Numinex
← Back to all posts

Thread (15 posts)

Gemma 2 keeps the standard Transformer layout (RMS-norm → linear → non-linearity → linear), but the non-linearity used in every feed-forward block is GeGLU – the “Gated GELU” activation that first appeared in PaLM.

  1. What it is
    • Split the intermediate projection into two equal parts:
    h₁ = W₁ x , h₂ = W₂ x
    • Apply GELU to the first half and use it to gate the second half:
    GeGLU(x) = GELU(h₁) ⊙ h₂
    (⊙ is element-wise product.)

    In the implementation used by Gemma 2 (“approximated GeGLU”) the exact Gaussian error-function in GELU is replaced with a cheaper polynomial/Tanh approximation so that the whole operation can run in one fused kernel.

  2. Why Google DeepMind chose it for Gemma 2

    a. Better quality at the same or lower cost
    • Internal ablations (and many external studies) show GeGLU and its cousin SwiGLU give ≈1–2 pt higher accuracy/perplexity improvements than plain GELU/ReLU for the same hidden size.
    • Because the gate gives the network a multiplicative interaction, it increases the expressive power of each FFN without adding extra parameters (the extra projection is already there in Gated FFN designs).

    b.
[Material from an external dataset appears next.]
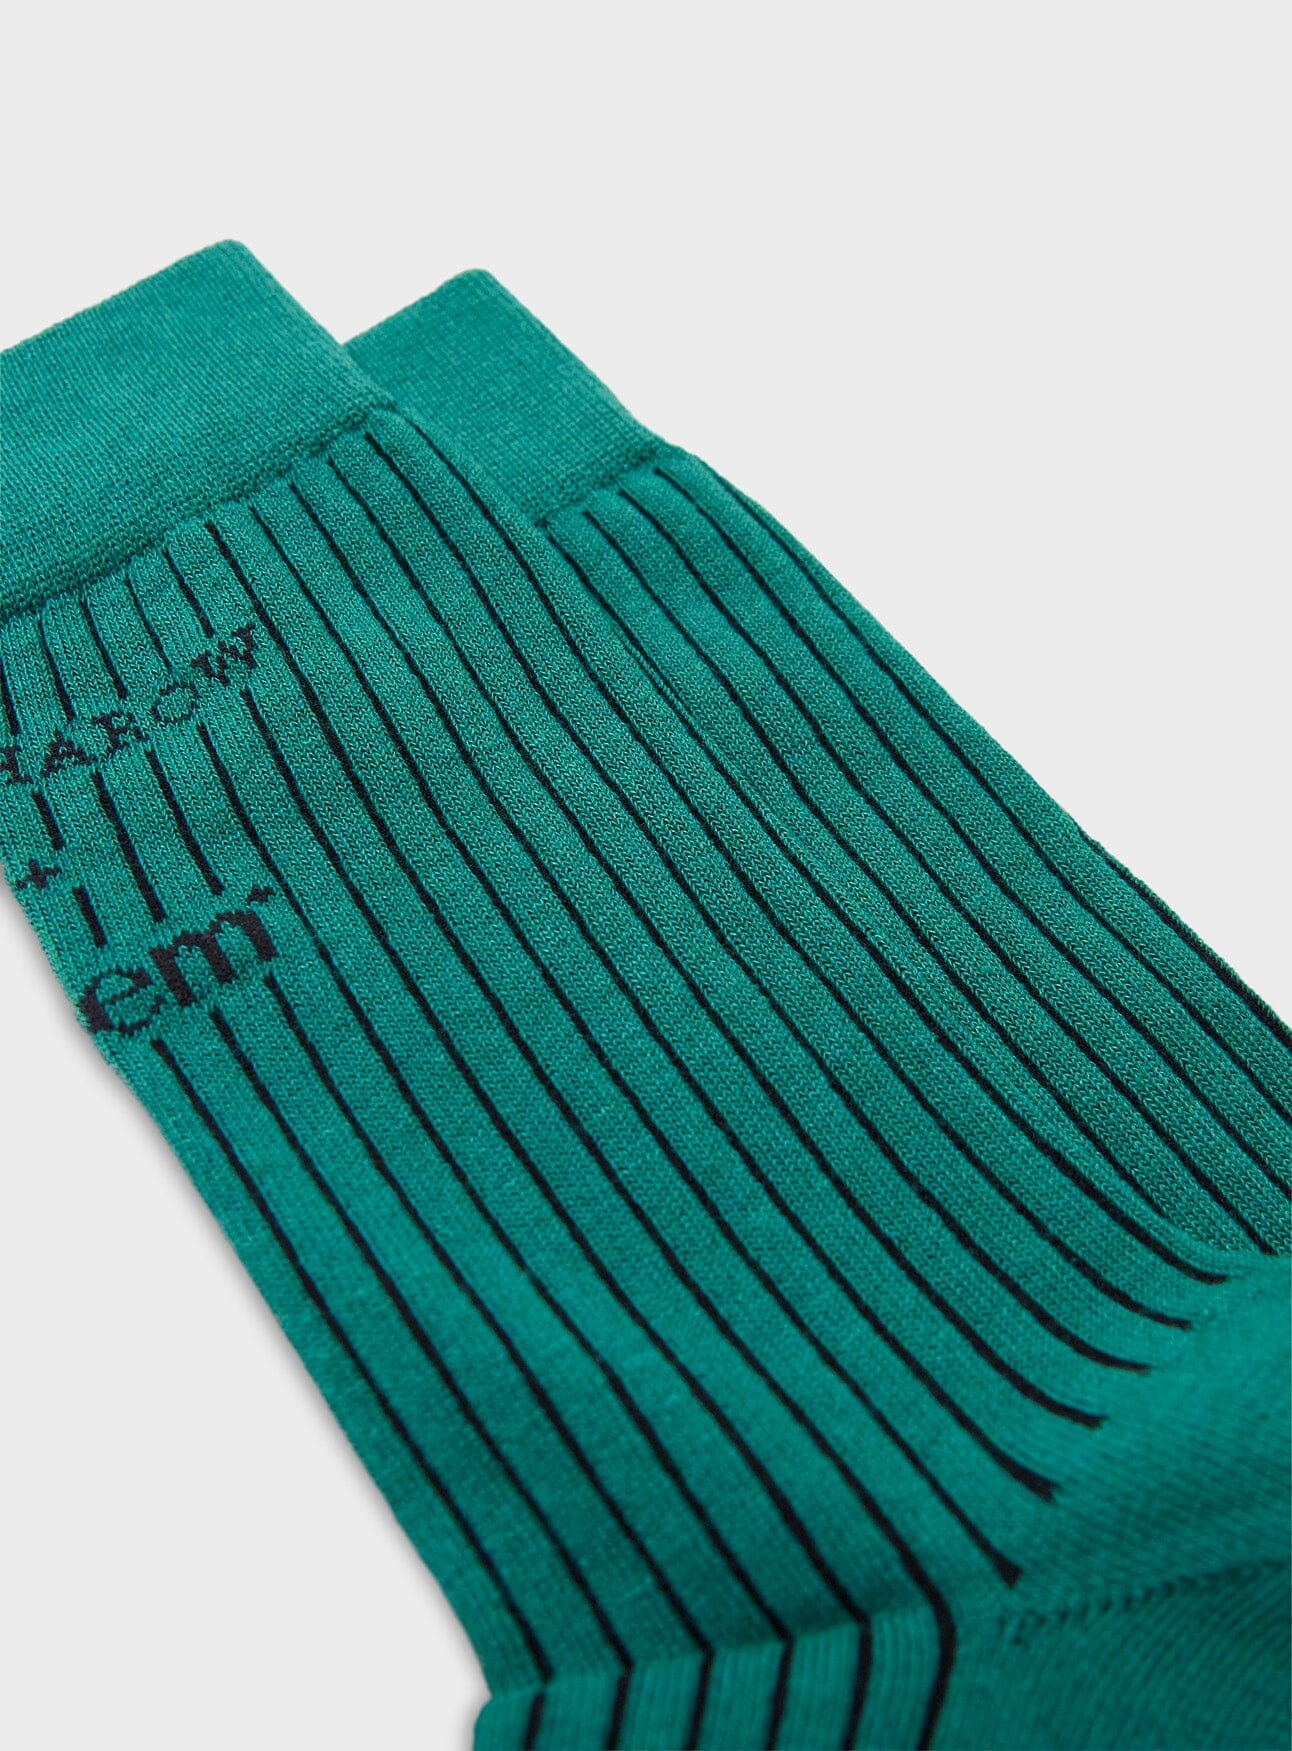 Recycled Men's Socks - Green
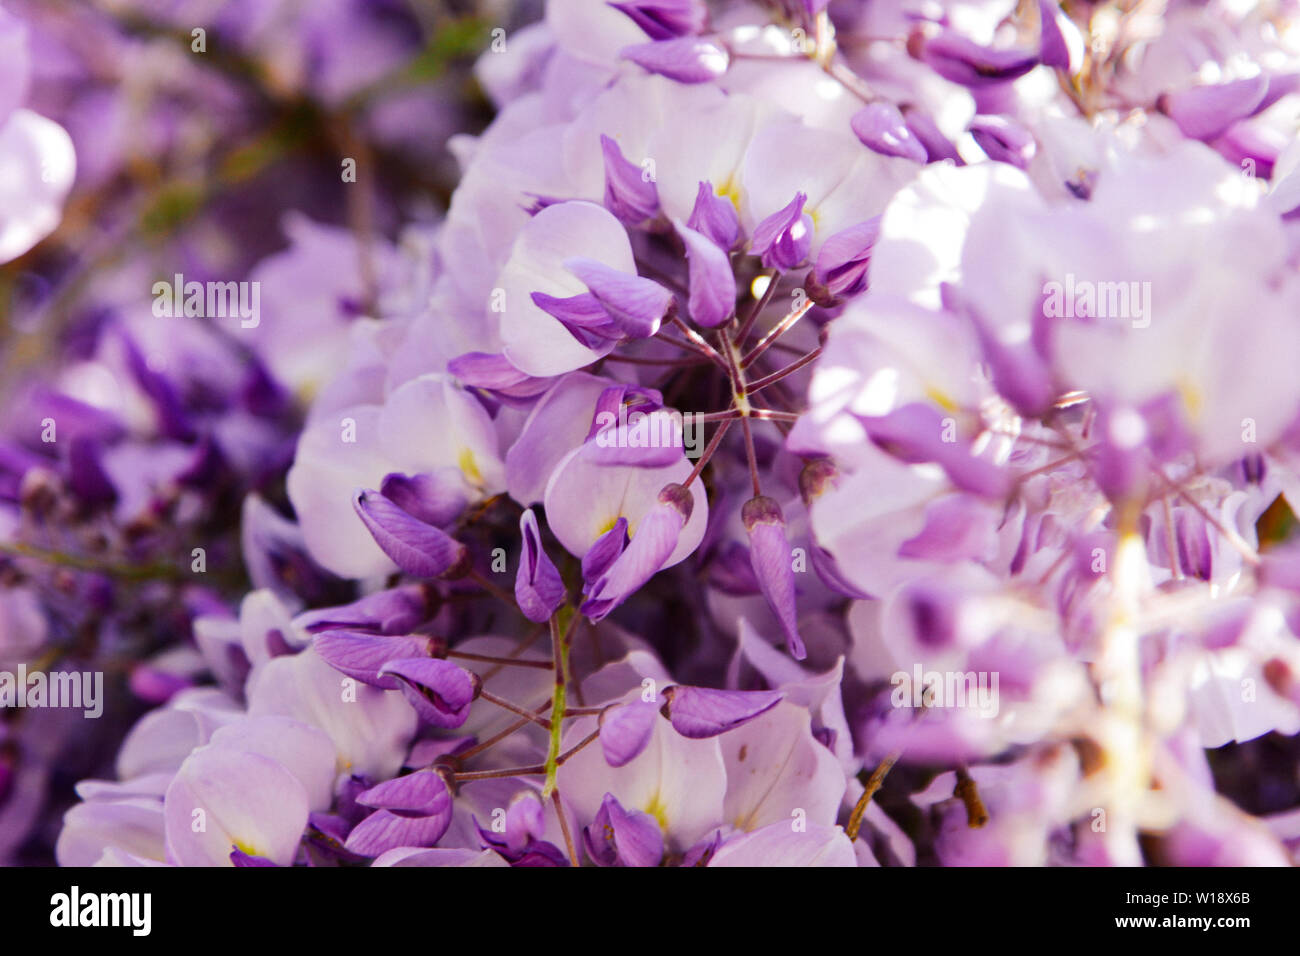 Blühenden glyzinien Niederlassung in einem Obstgarten. Künstlerische Natur wallpaper verschwommenen Hintergrund mit lila Blüten Wisteria oder Glycin im Frühling. Stockfoto

Training stability on long contexts
    • GeGLU keeps activations roughly in the same range as GELU, avoiding the dead-neuron problem of ReLU and preventing the gradient explosions sometimes seen with SwiGLU for very long context lengths (Gemma 2 trains up to 8 k tokens).

    c. Hardware efficiency
    • The split-gate structure maps cleanly to TPU and GPU tensor cores and can be fused into a single GEMM + element-wise kernel, so the latency overhead versus GELU is negligible.
    • Re-using the second projection as the gate (instead of adding a third) keeps parameter count low; for the 27 B model the FFN share of parameters is kept under budget while still widening to 16× d_model.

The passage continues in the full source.